Yeah, TTS also works well from Google but I use espeak on my personal profile too.

There are many other TTS libaries out there, simply nobody has made an Android App yet.

[–] rufus@discuss.tchncs.de 2 points 9 months ago* (last edited 9 months ago) (1 children)

Sure. Seems the Thorsten voice is in every FLOSS text-to-speech project. I think he (the real Thorsten) also does YouTube videos about that topic.

I don't know of any other free software Android speech software (that also speaks German) except for espeak. And I need something that can talk to me in the car. For other purposes it sounds a bit rough in my opinion. Eventually I would like something more state of the art with a more human-like sound. And something that properly ties into my Linux desktop and brings local STT and TTS to every application. I think the components are there already. But we're still missing the proper integration into both platforms. (And maybe a few more voices and training data for new ones in several languages.)

[–] Pantherina@feddit.de 2 points 9 months ago (1 children)

Crazy thing is, this is not magic.

There are dozens of companies doing that, even some for your own voice

You just need all phoneems (dt. Phonem) so just read a specific text multiple times, and you can have your own custom voice.

This just needs some funding, and the Mozilla Common Voice project should already have very sufficient data

[–] rufus@discuss.tchncs.de 2 points 9 months ago* (last edited 9 months ago) (1 children)

I think we're way past that. I've fiddled around a bit with 'bark' and another more common (open?) solution to do voice cloning. It takes like an 5 second audio clip of someone talking and it can extract features from that, train an AI model and transfer the 'style' of that voice to arbitrary speech. I don't really know if it's technically similar to the AI tools that can paint an astronaut on a horse and draw it in the style of van gogh... but it's the same idea. And bark and other tools can also synthesize speech with an AI model.

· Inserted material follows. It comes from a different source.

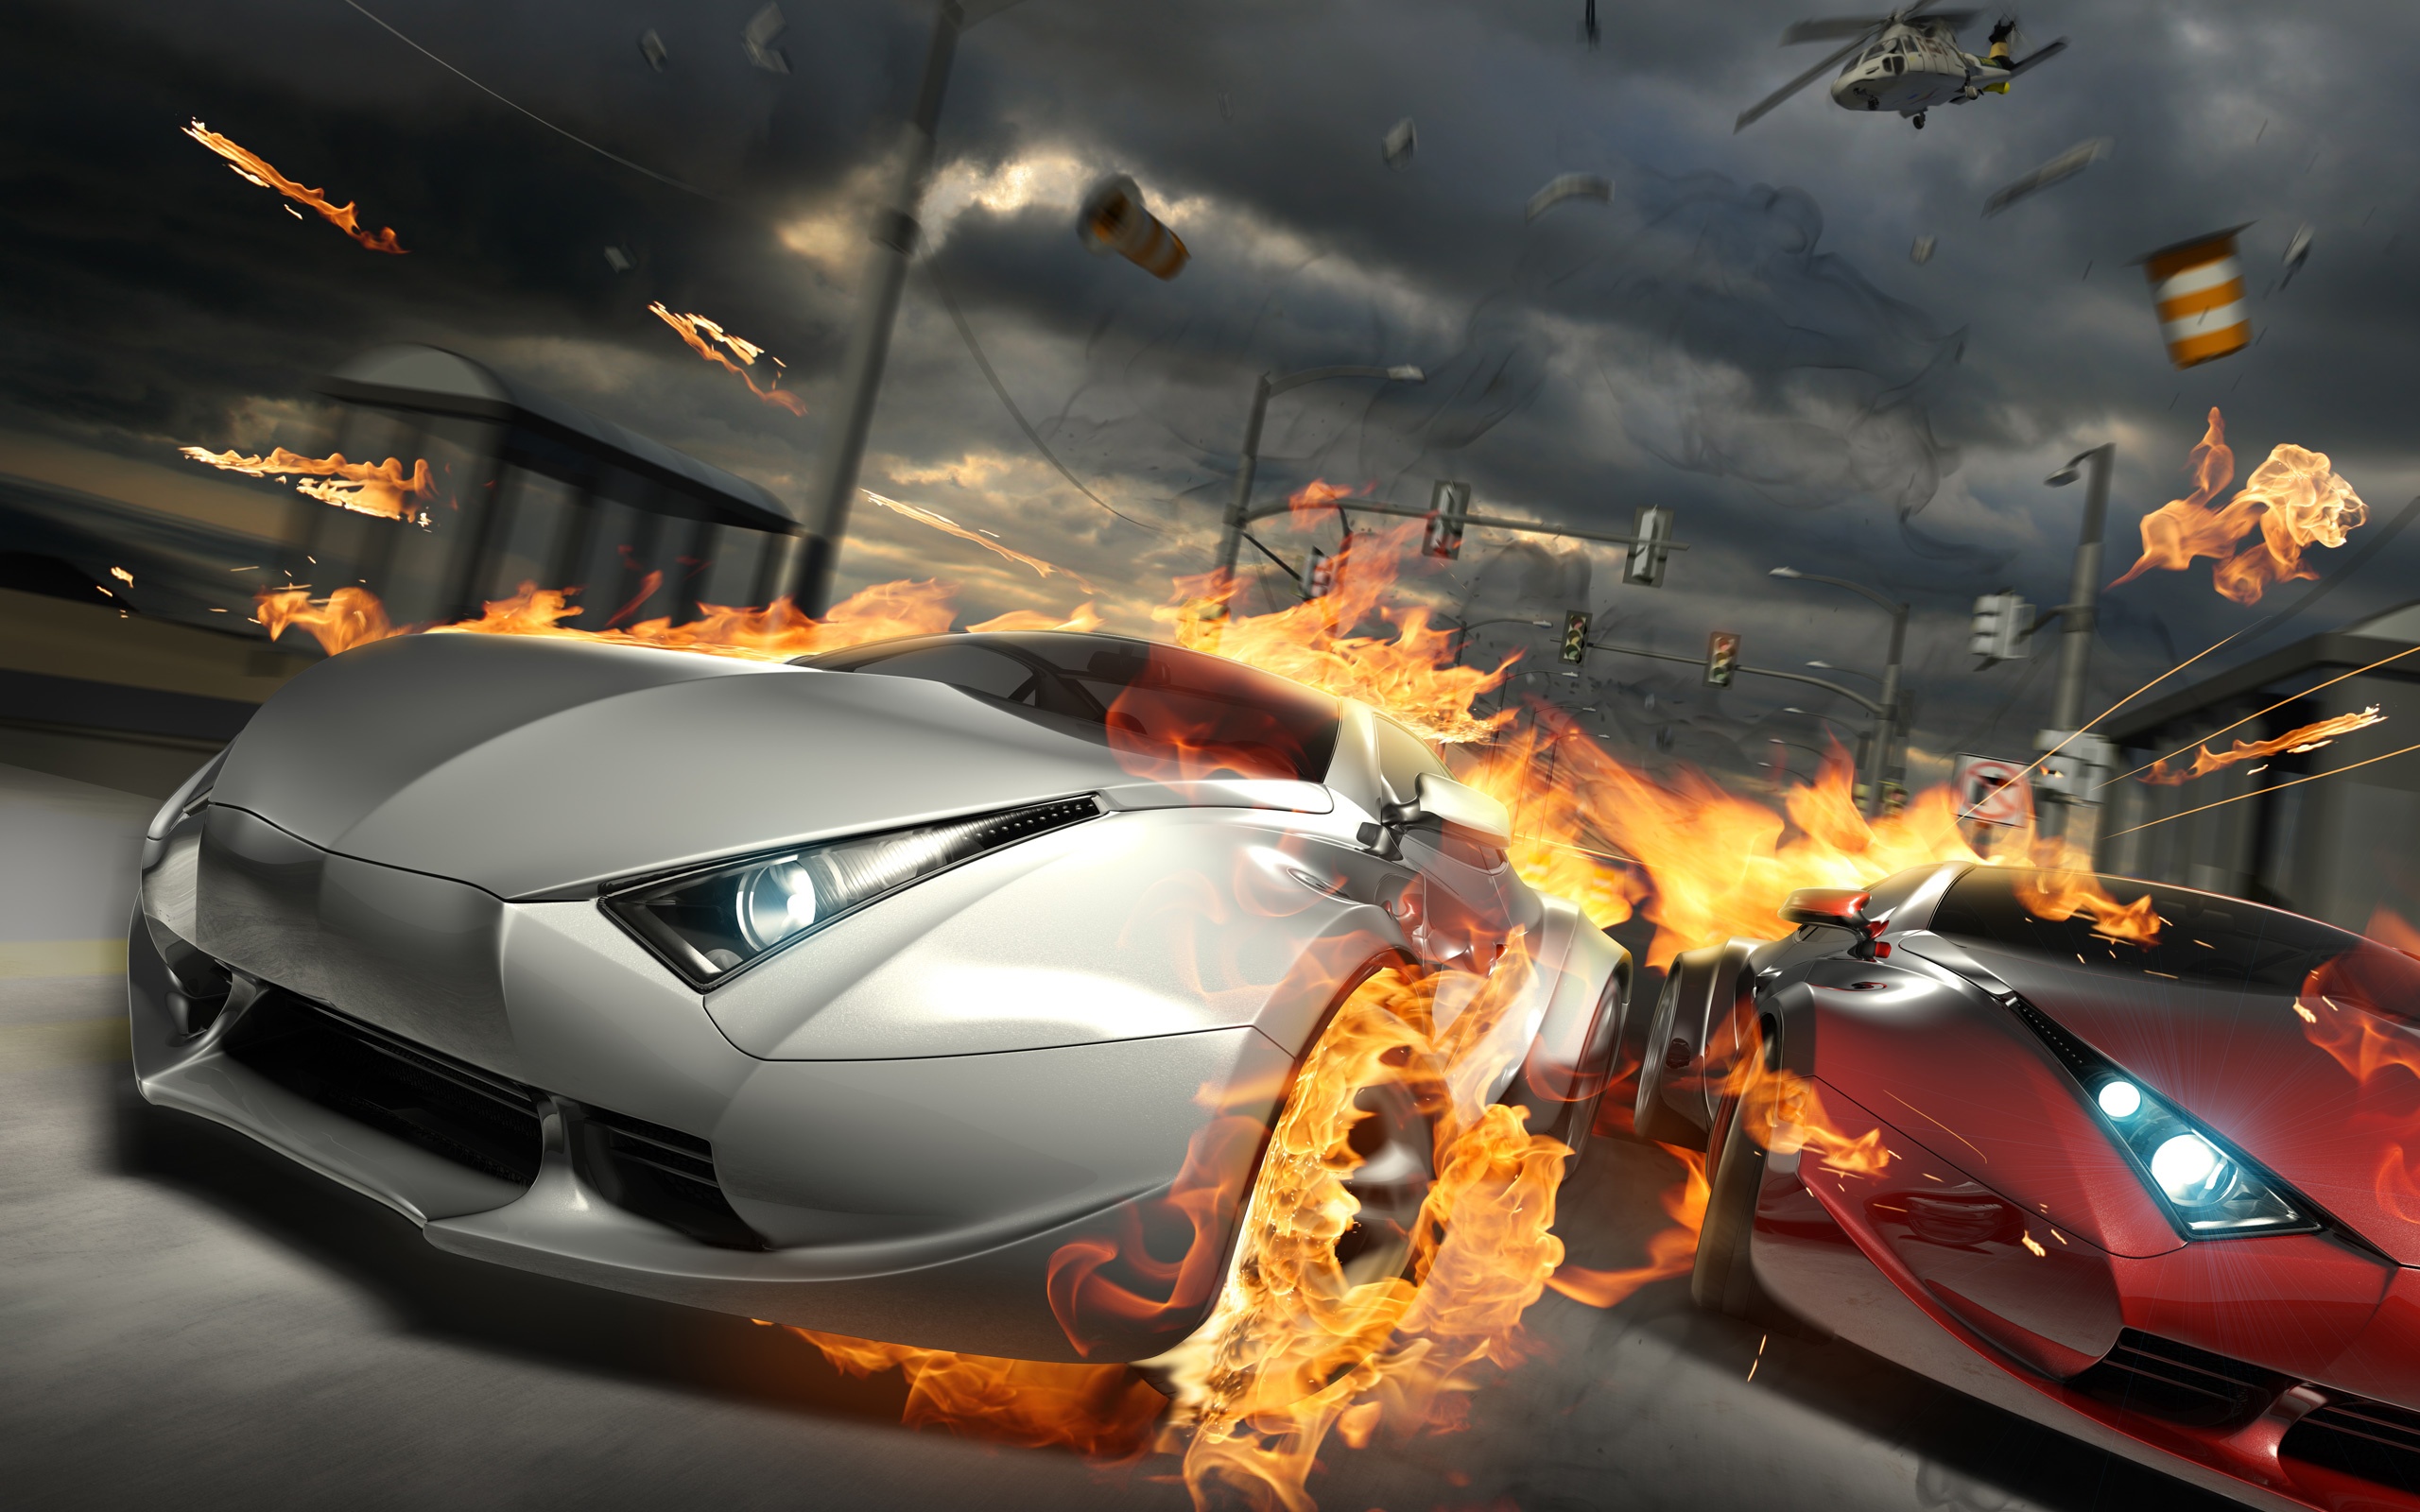 High Speed Fast Car with Fire | Photo and Desktop Wallpaper

You can just give it text and instruct it to talk in a relaxed female voice, and it'll do it. However, I wasn't able to get good results out of it. It's nice to play around with, but it's not yet feasible for real world use. And it takes a proper graphics card (or a cloud service that provides you with GPU compute) to run it.

I don't think these tools use phonemes and the old-fashioned ways of doing it. It is machine learning and AI 'magic' that makes those tools sound more smooth and realistic.

What I also like is coqui-ai. It seems to be entirely free and the samples sound on a complete next level compared to established tools like espeak-ng. Sadly it isn't packaged in any of the Linux distributions I use. And I really don't understand why. It also doesn't need crazy system specs. But it doesn't tie into the desktop at all and requires you to set up conda environments, handle the CUDA libraries and just running the 'pip install TTS' they listed on their github repo didn't do it for me.

(I excluded the commercial tools here. Big-Tech has some alright TTS. Google, Amazon, Apple, ... they're all usable. elevenlabs.io offer exceptionally good TTS, I think that's what the AI narrated YouTube videos are made with. And I sometimes use the button to convert heise online articles to speech while doing the laundry or other stuff in the house that doesn't take enough time for me to start a podcast. I just wish there was a button on my laptop that'd do the same thing with free software and offer similar quality.)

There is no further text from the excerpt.